また、チャット等の文字でやり取りする方法では意図がうまく伝わらず、コミュニケーションエラーが起きるケースも考えられるでしょう。
テレワーク下でOJTを行う場合には、進捗の確認にはビデオ通話を活用するなど、対面以上にコミュニケーション面でのフォローを欠かさないようにしたいところです。
「環境づくり」が効果的なOJT実施の鍵になる
効果的なOJTを実施するためには、教育担当者へのフォローを含めた総合的な環境づくりが必要です。
まずはOJTのメリット・デメリットを把握し、どの研修をOJTで行うか検討する。

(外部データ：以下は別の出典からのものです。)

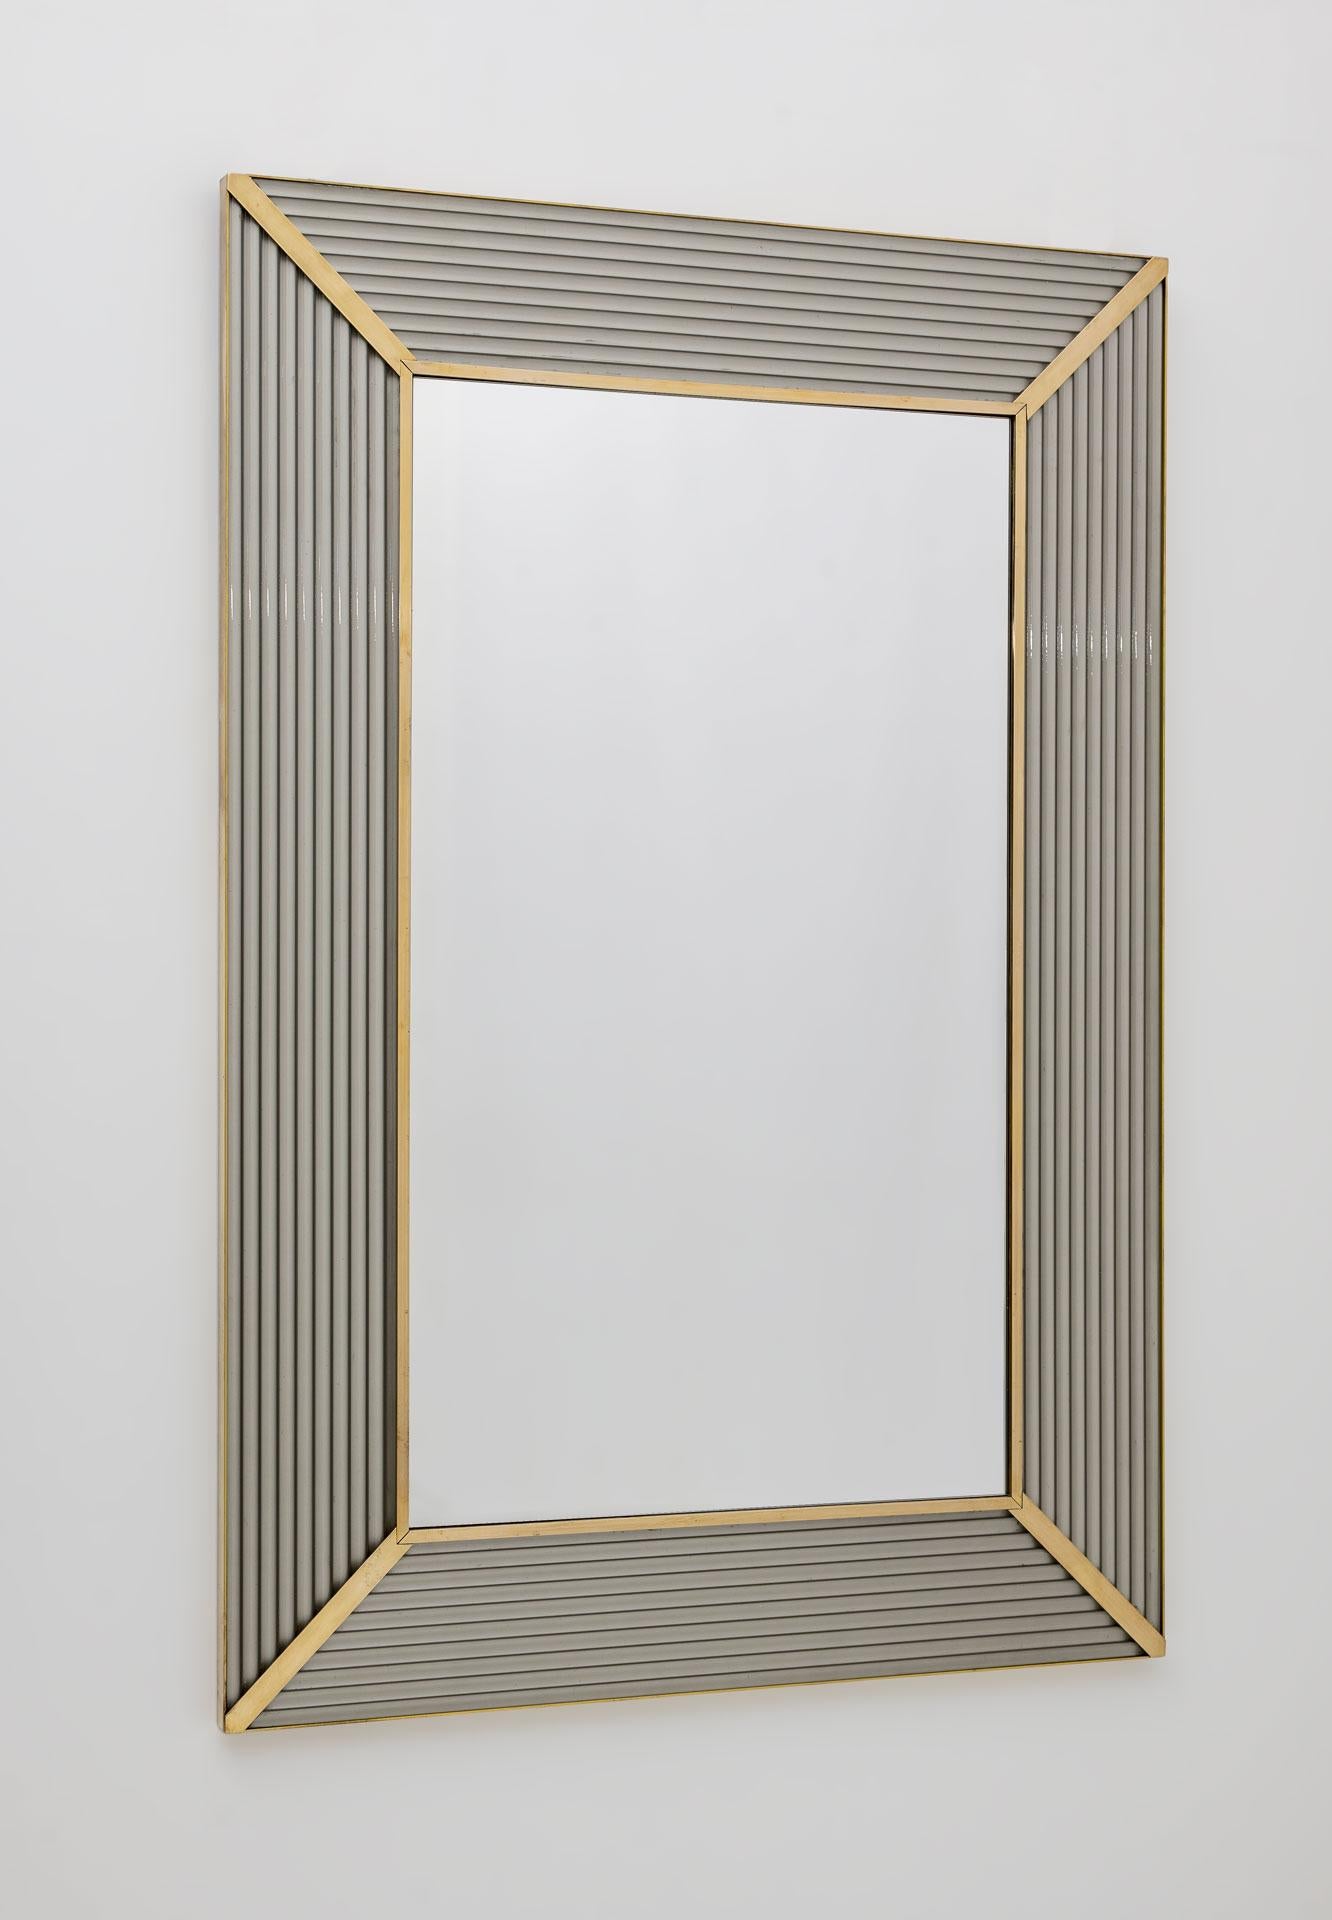 Miroir avec cadre en verre Murano gris, avec moulure en laiton, la structure du miroir est en bois.
Le miroir peut être accroché aussi bien à la verticale qu'à l'horizontale

そして、教育担当者への教育を行い、教育担当者の工数を確保できるような環境を整備する。
その上で新入社員の教育を行うというように、人事が研修業務を兼任している場合は人事の教育担当者を含めた一連の計画や目的をしっかりと確認することが、OJTを成功させる鍵と言えるでしょう。
OJTは座学だけの研修では難しい部分もカバーできます。
また、テレワーク下で顔を合わせる機会も少ない昨今の働き方だと、新入社員が会社の先輩や同僚と雑談などでのコミュニケーションがうまく取れない状況に陥りがちです。
「業務を教える」という教育手法としてだけでなく、OJTによる先輩社員とのコミュニケーションを通じて会社への理解を深めるのにも効果的な教育手法です。
ぜひ今回ご紹介した内容を参考にして、新入社員の教育にOJT研修を導入してみてはいかがでしょうか。